### Problem to work on
Line by line, give the data again exactly as it appears, but without pictures.

### Information provided
- Opening Delimiter -

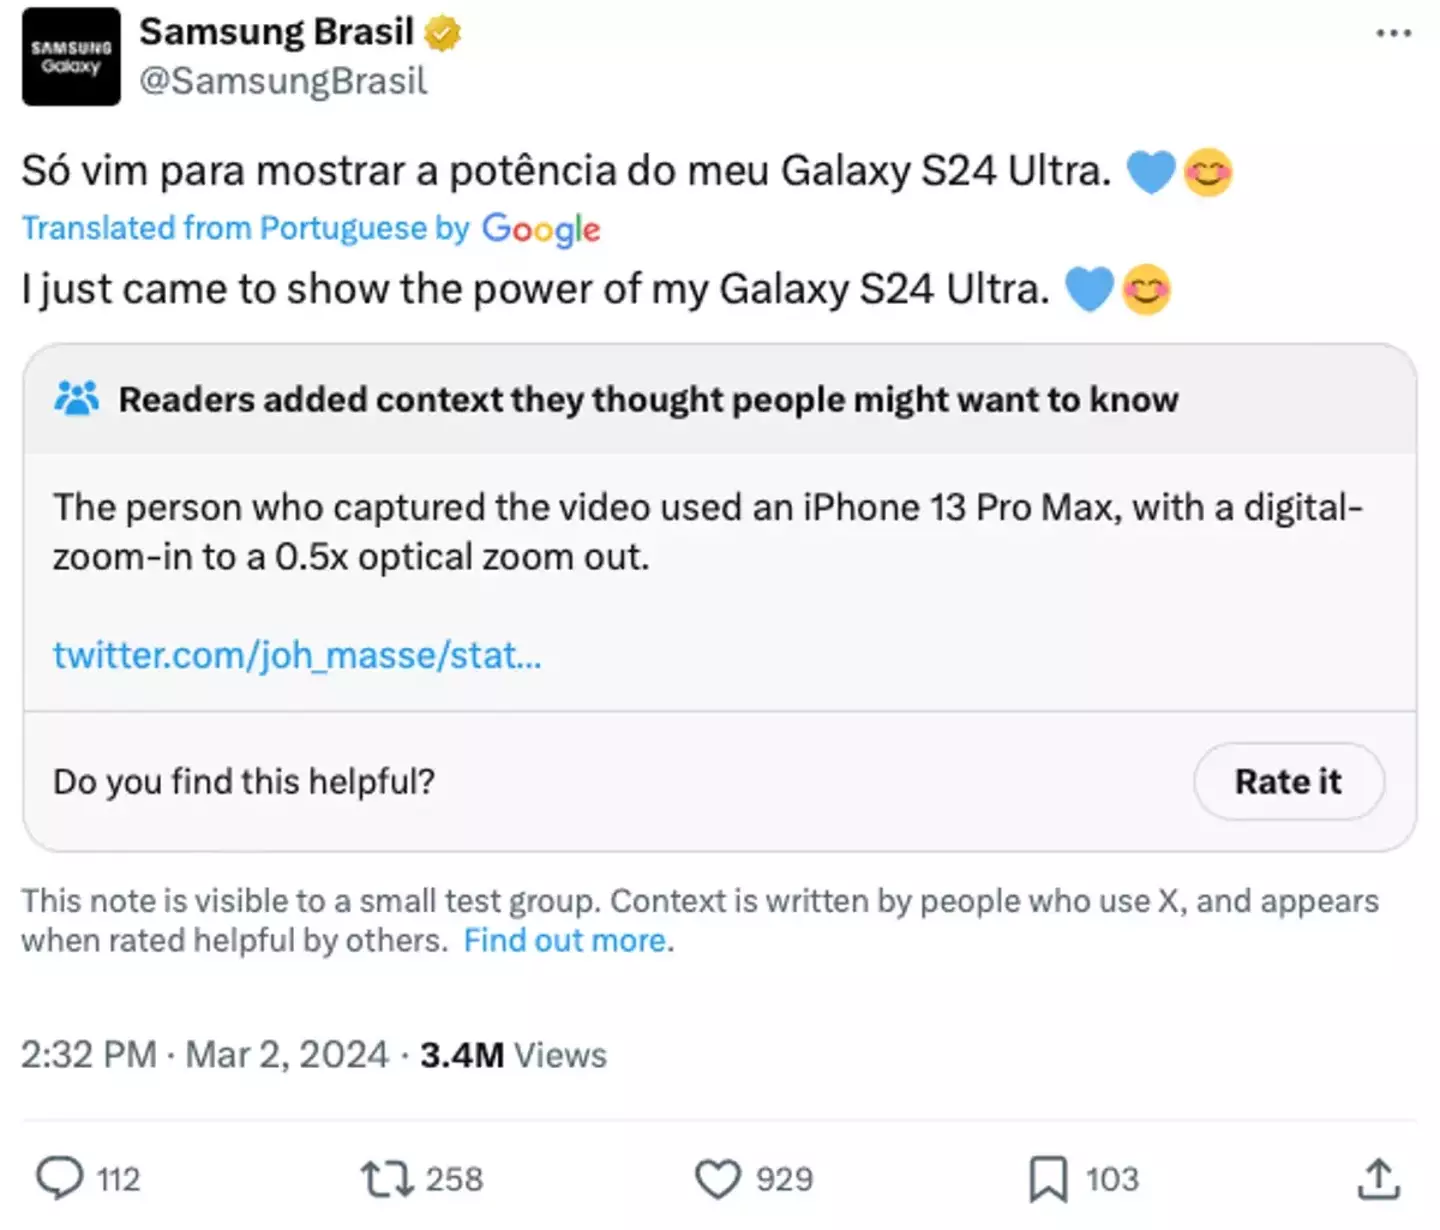 Samsung initially took credit for the video.
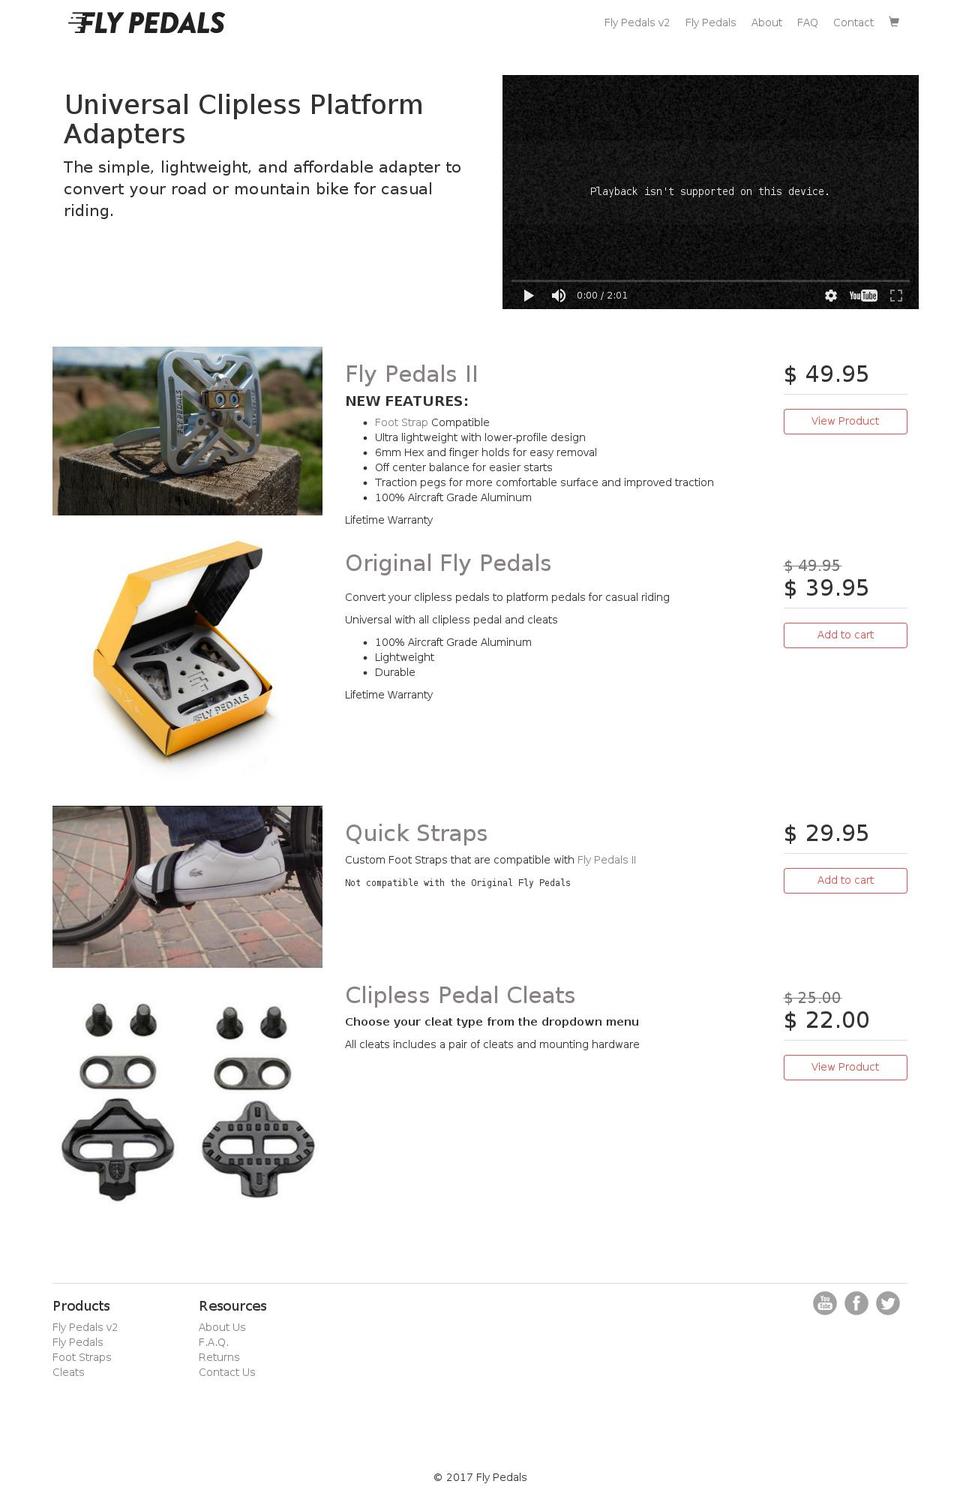 Startup Shopify theme site example flypedals.com
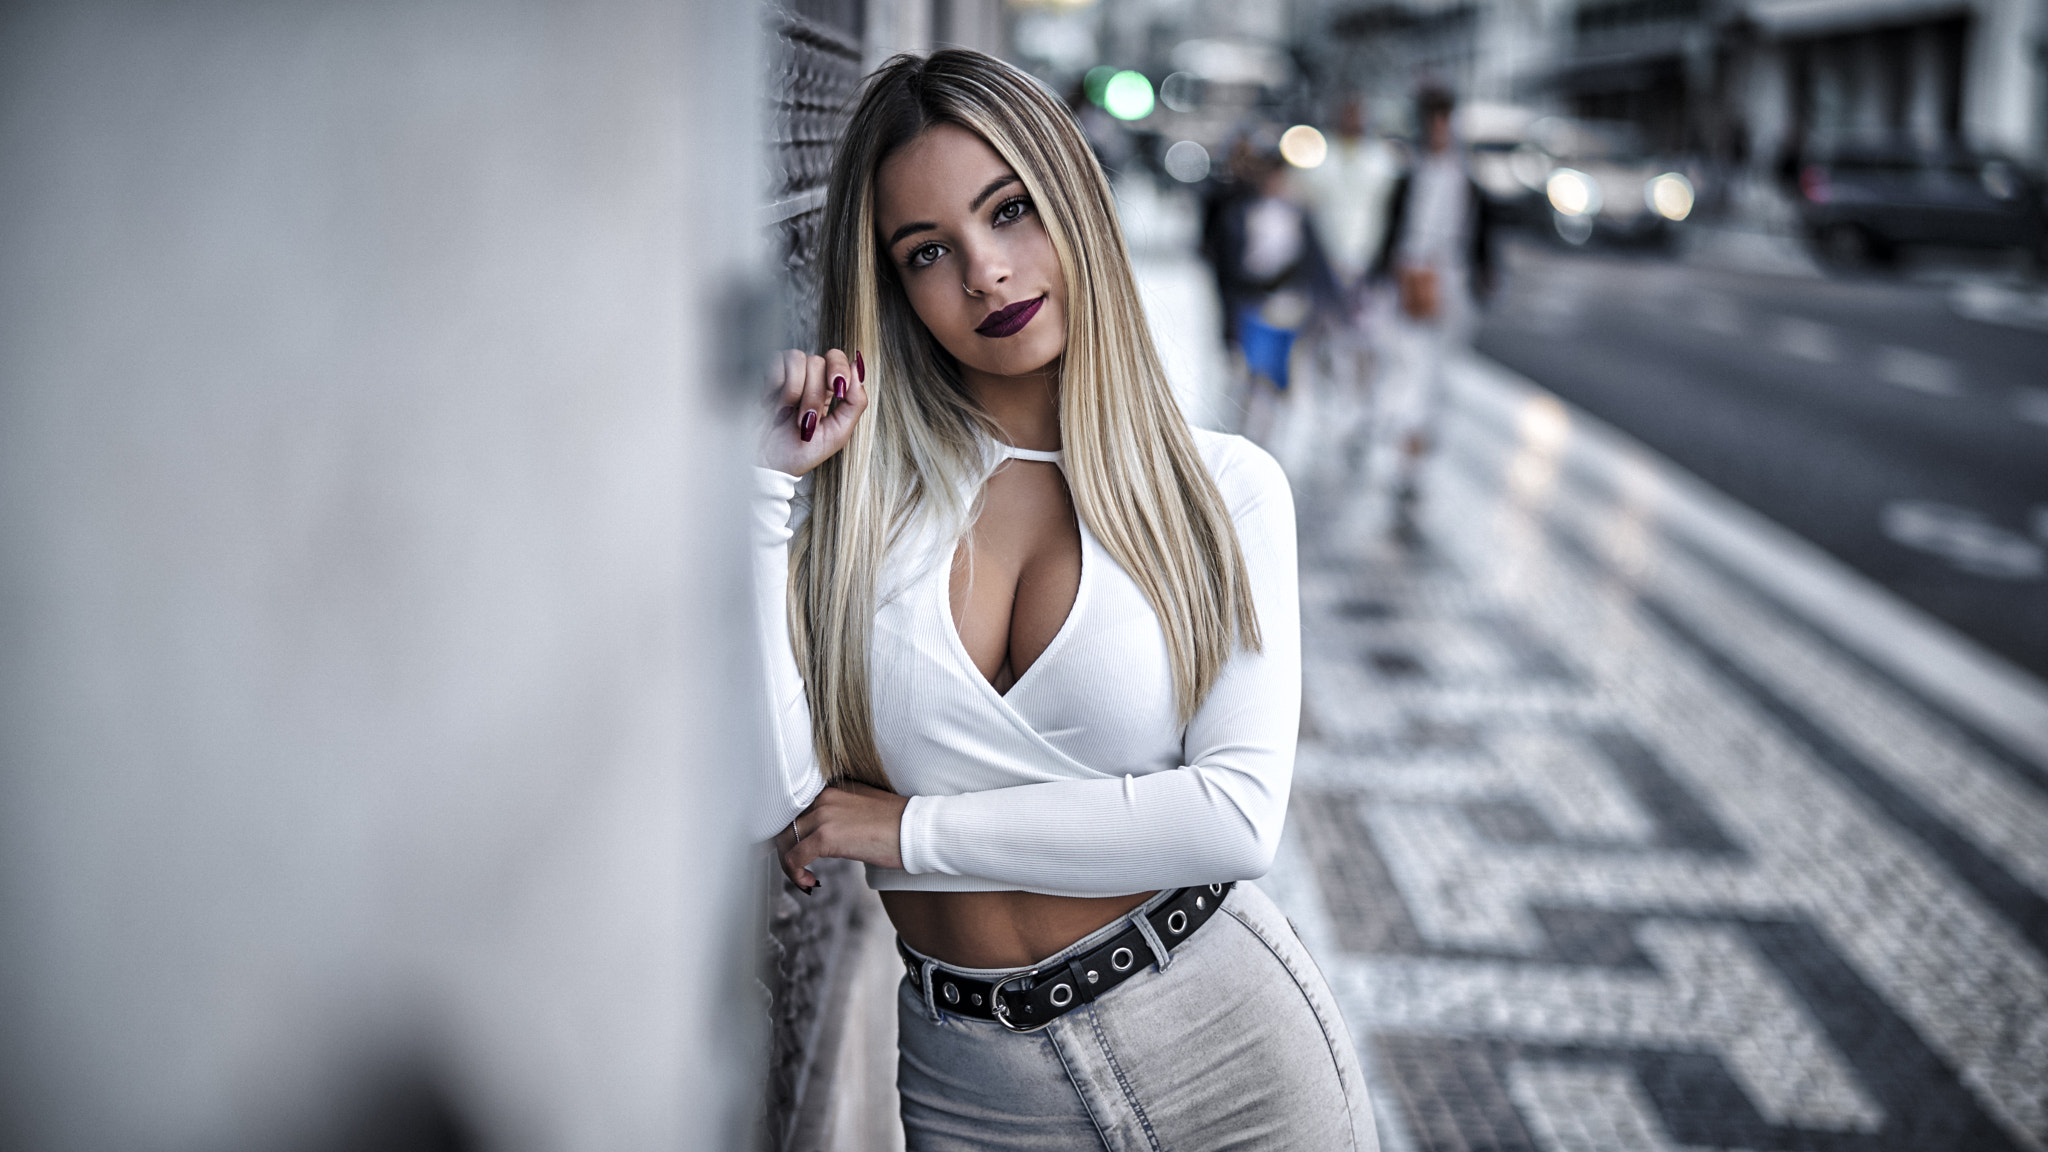 People 2048x1152 Pedro Courelas women blonde long hair straight hair makeup looking at viewer piercing pierced nose lipstick painted nails red nails smiling blouses white clothing cleavage belly belt jeans outdoors city sidewalks Alexandra Carocha

- Closing Delimiter -

### Exercise answer
 Samsung initially took credit for the video.
 Startup Shopify theme site example flypedals.com
 People 2048x1152 Pedro Courelas women blonde long hair straight hair makeup looking at viewer piercing pierced nose lipstick painted nails red nails smiling blouses white clothing cleavage belly belt jeans outdoors city sidewalks Alexandra Carocha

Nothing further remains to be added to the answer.